The region has been plagued by urgent problems: impunity for crimes against frontline land and environmental defenders has been widespread, with activists slaughtered in record numbers; governments have failed to uphold laws respecting communities’ right to be consulted on the impacts of extractive and infrastructure projects; and information disclosure on the part of many national and international companies has been grossly inadequate.

So what will the Escazú Agreement change?

 

Amanda Romero, senior researcher and representative for Latin America, Business & Human Rights Resource Centre

The Escazú Agreement is key for the business & human rights agenda. In line with theUN’s Guiding Principles on Human Rights (UNGPS), company operations should comply with national and international human rights standards, including respecting human rights defenders. Therefore, once the Agreement enters into force, corporations must comply with this instrument.  But private and State-owned companies operating in Latin America, both national and transnational, should make changes in their social and environmental approaches by addressing past and current harm their commercial activities have inflicted. For instance, article 6 of the agreement (part 12) encourages States to “take the necessary measures through legal or administrative frameworks” to not only enable civil society access to environmental information that private institutions have, but to allow them to learn about the “risks and effects on human health and the environment” that these operations entail.

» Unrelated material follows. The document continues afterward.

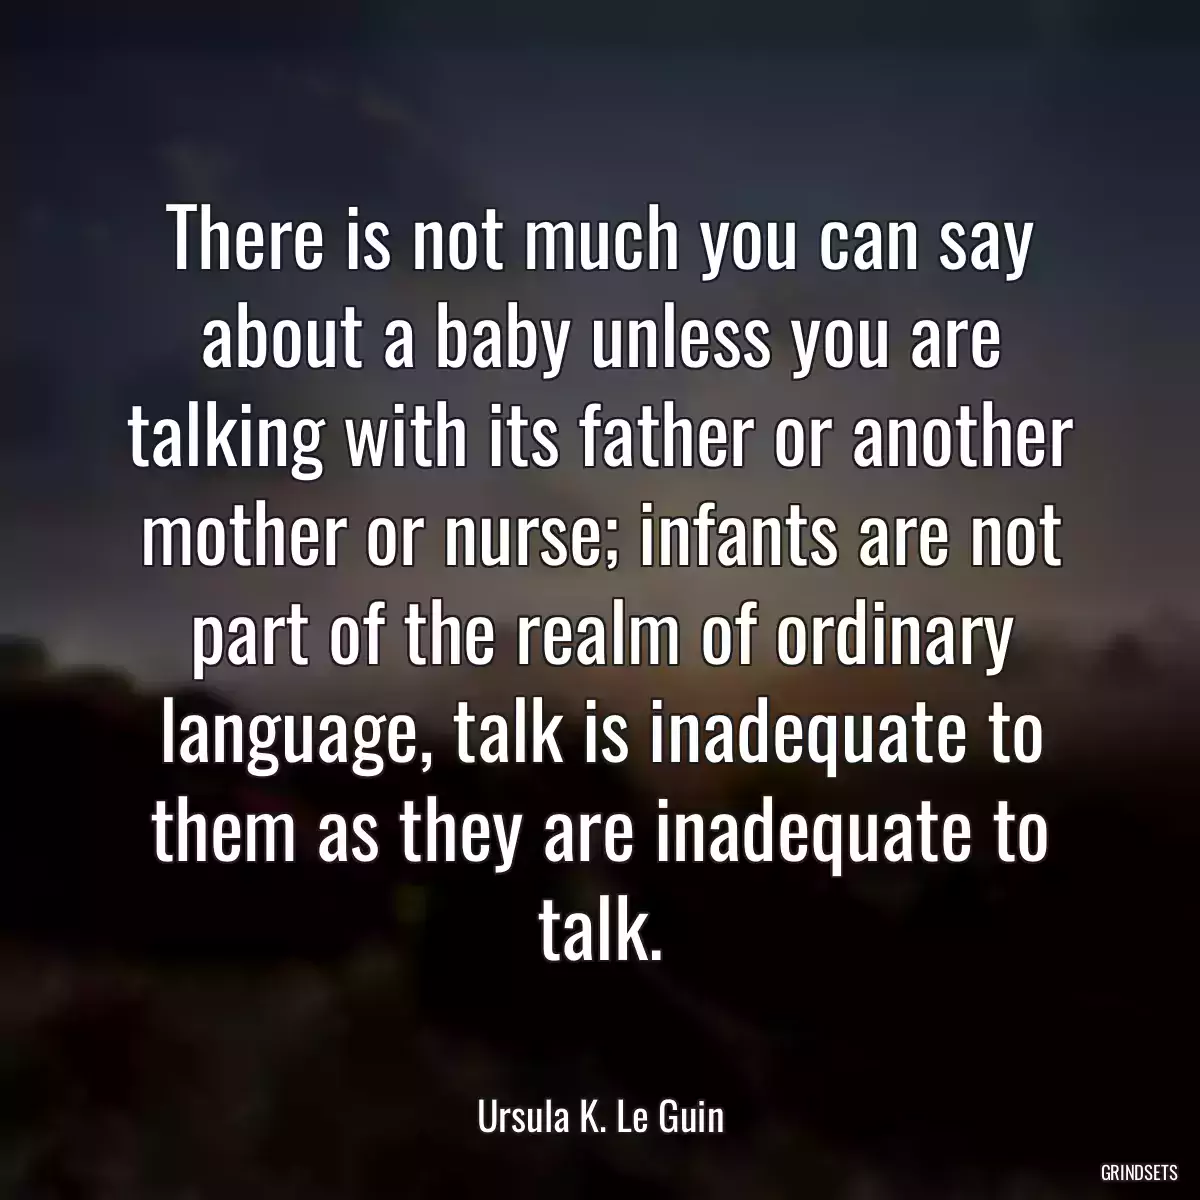 There is not much you can say about a baby unless you are talking with its father or another mother or nurse; infants are not part of the realm of ordinary language, talk is inadequate to them as they are inadequate to talk.

The Agreement also stipulates that “In accordance with its capacities”, each State shall “encourage public and private companies, particularly large companies to prepare sustainability reports that reflect their social and environmental performance. This means that companies should do more and better human rights due diligence and compliance on cases in which victims allege corporate responsibility.  Impact assessments must go beyond environmental issues as understood by States and companies as “collateral damage” at the altar of development. In Latin America, this includes providing sanctions to companies that operate unpunished for contaminating water sources, privatise its access for vast groups of the population, destroy traditional seeds and crops and displace entire groups that lose their livelihoods due to energy, agriculture, mining or oil industrial projects.

Andrés Nápoli, executive director of Argentina’s Environment and Natural Resources Foundation of (FARN)

The Escazú Agreement, also known as the Agreement on Principle 10, is one of the most important environmental instruments of the last 20 years and is the first one adopted by Latin American and Caribbean countries. This road, which began at the Rio+20 summit in 2012, was one of the responses given by the countries of the region to the alarming increase in environmental conflicts and the reactions provoked in people and the environment by global phenomena like climate change.

It’s no coincidence that the agreement was created as the international community embarks on an ambitious path towards sustainable development. There’s no doubt that the full application of Principle 10 is at the heart of the 2030 Agenda [for sustainable development] and that it will be a fundamental tool to consolidate the climate change governance. It guarantees that every person, especially those excluded or in vulnerale situations, has reliable access to information, can participate effectively in decision-making processes, especially those whose livelihoods are impacted, and can have access to justice to allow a more fair distribution of the costs and benefits of development.